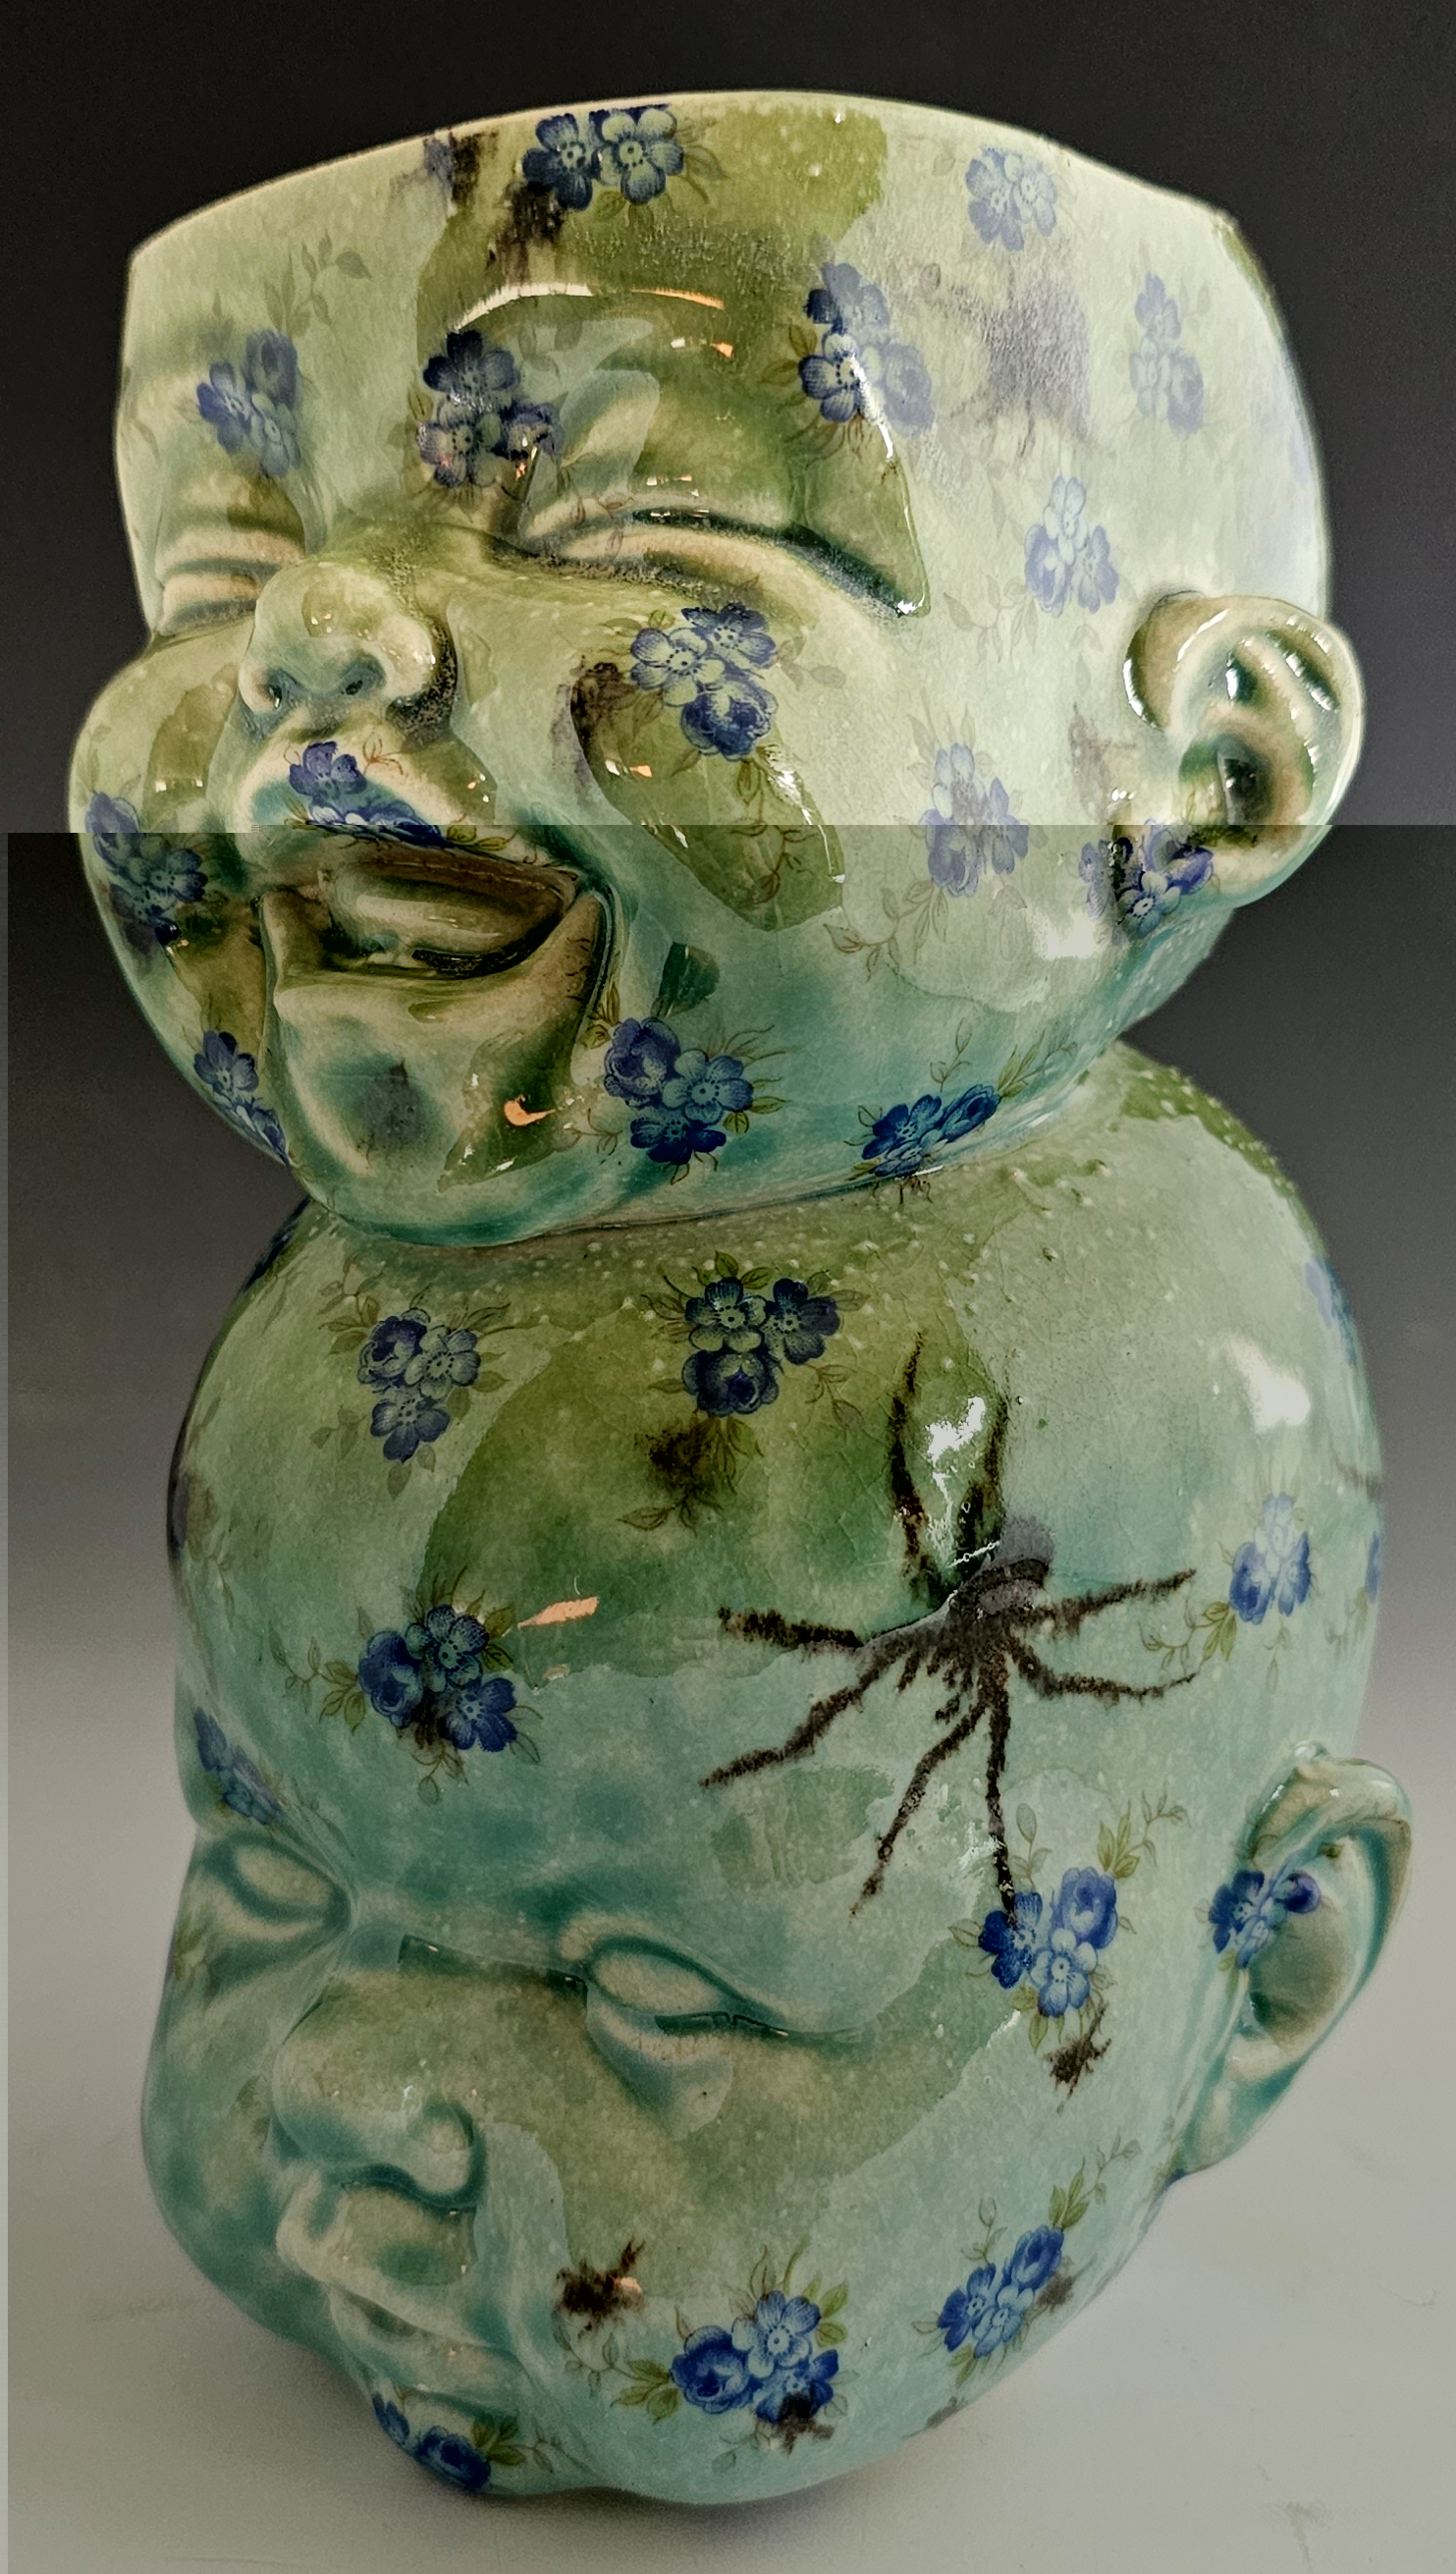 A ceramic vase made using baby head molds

---

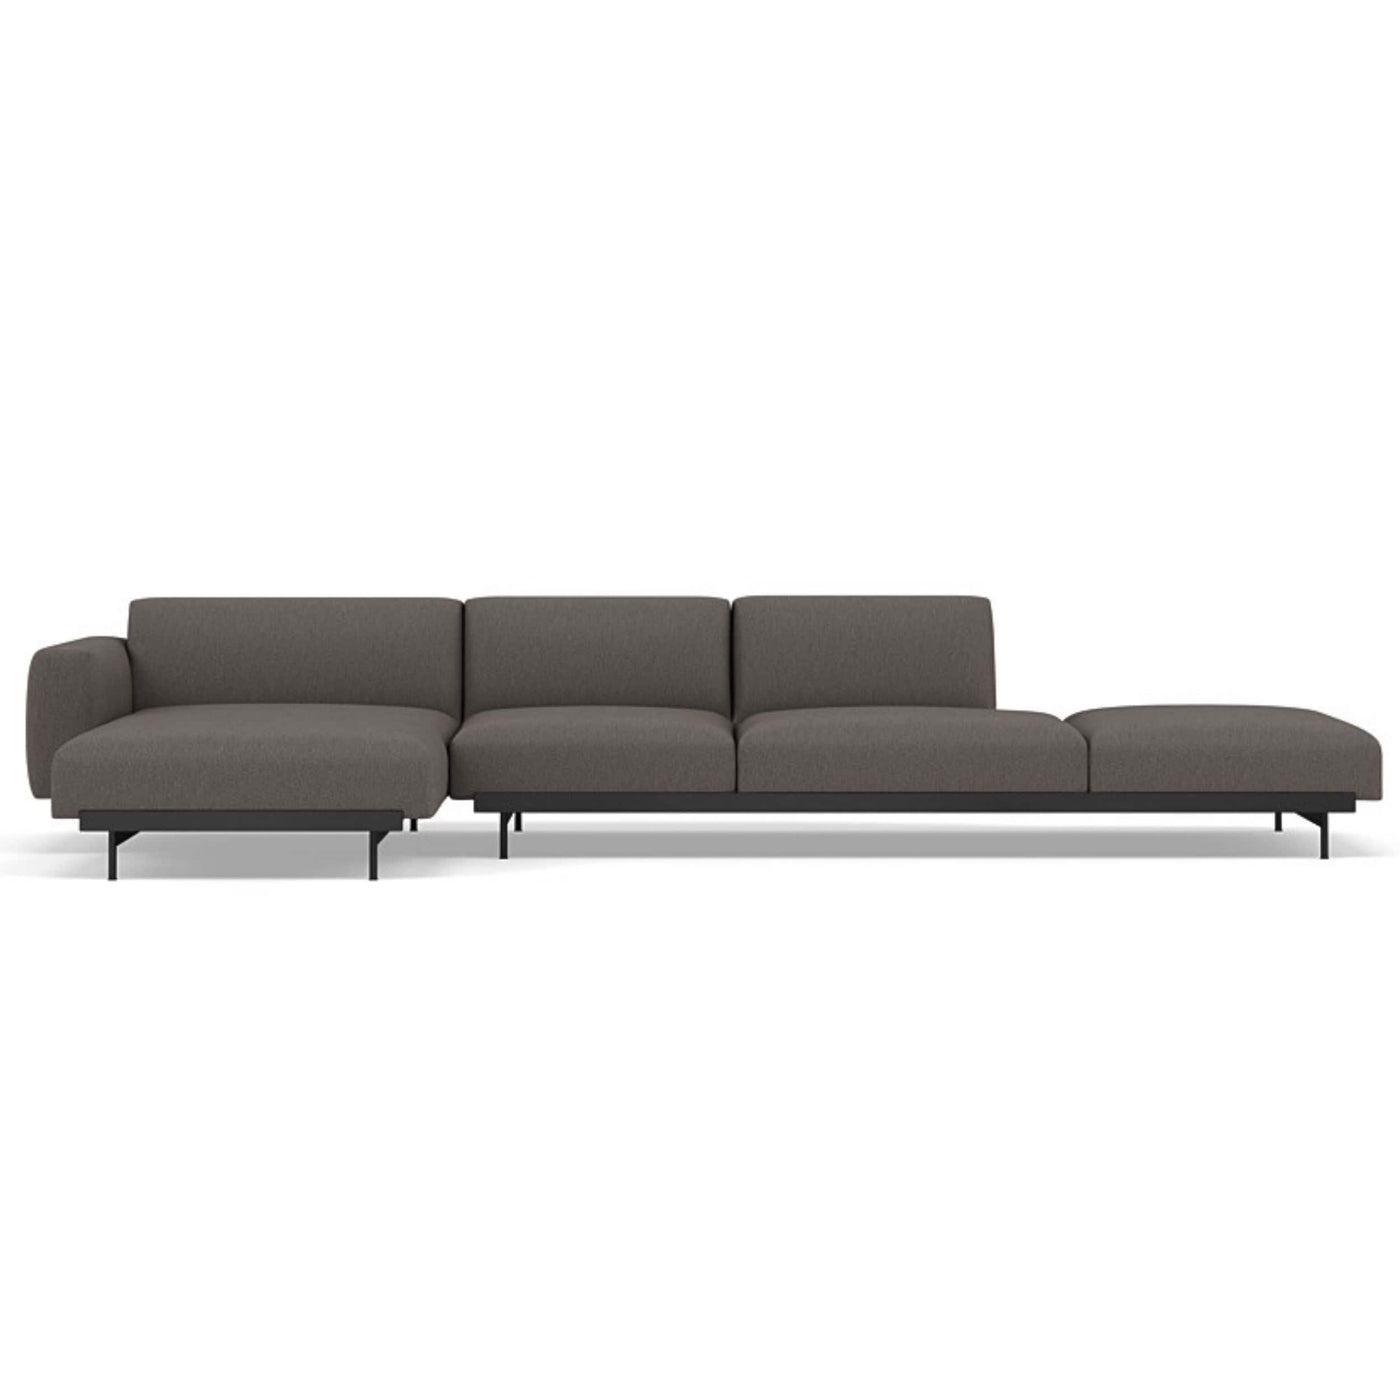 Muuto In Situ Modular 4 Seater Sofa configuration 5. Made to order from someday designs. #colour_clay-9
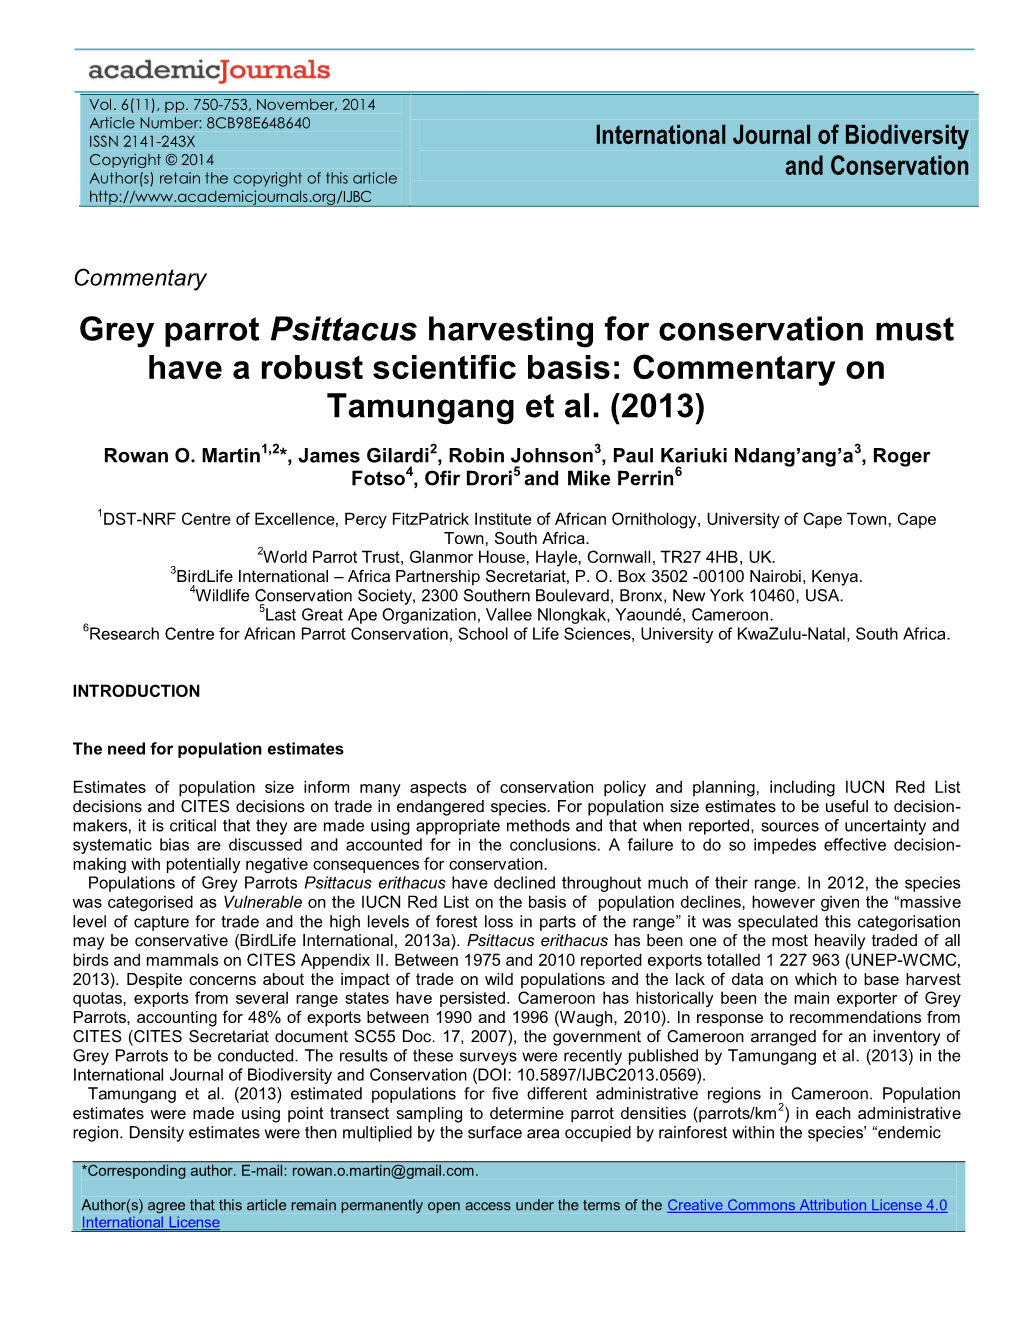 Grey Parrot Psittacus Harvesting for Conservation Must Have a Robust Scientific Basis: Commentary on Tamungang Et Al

## TASK ITEM
Your reply should hold nothing but the lines above, from the one containing "Muuto In Situ" to the one containing "Grey Parrot Psittacus", reproduced exactly minus the pictures.

## FINISHED EXERCISE
 Muuto In Situ Modular 4 Seater Sofa configuration 5. Made to order from someday designs. #colour_clay-9
 Grey Parrot Psittacus Harvesting for Conservation Must Have a Robust Scientific Basis: Commentary on Tamungang Et Al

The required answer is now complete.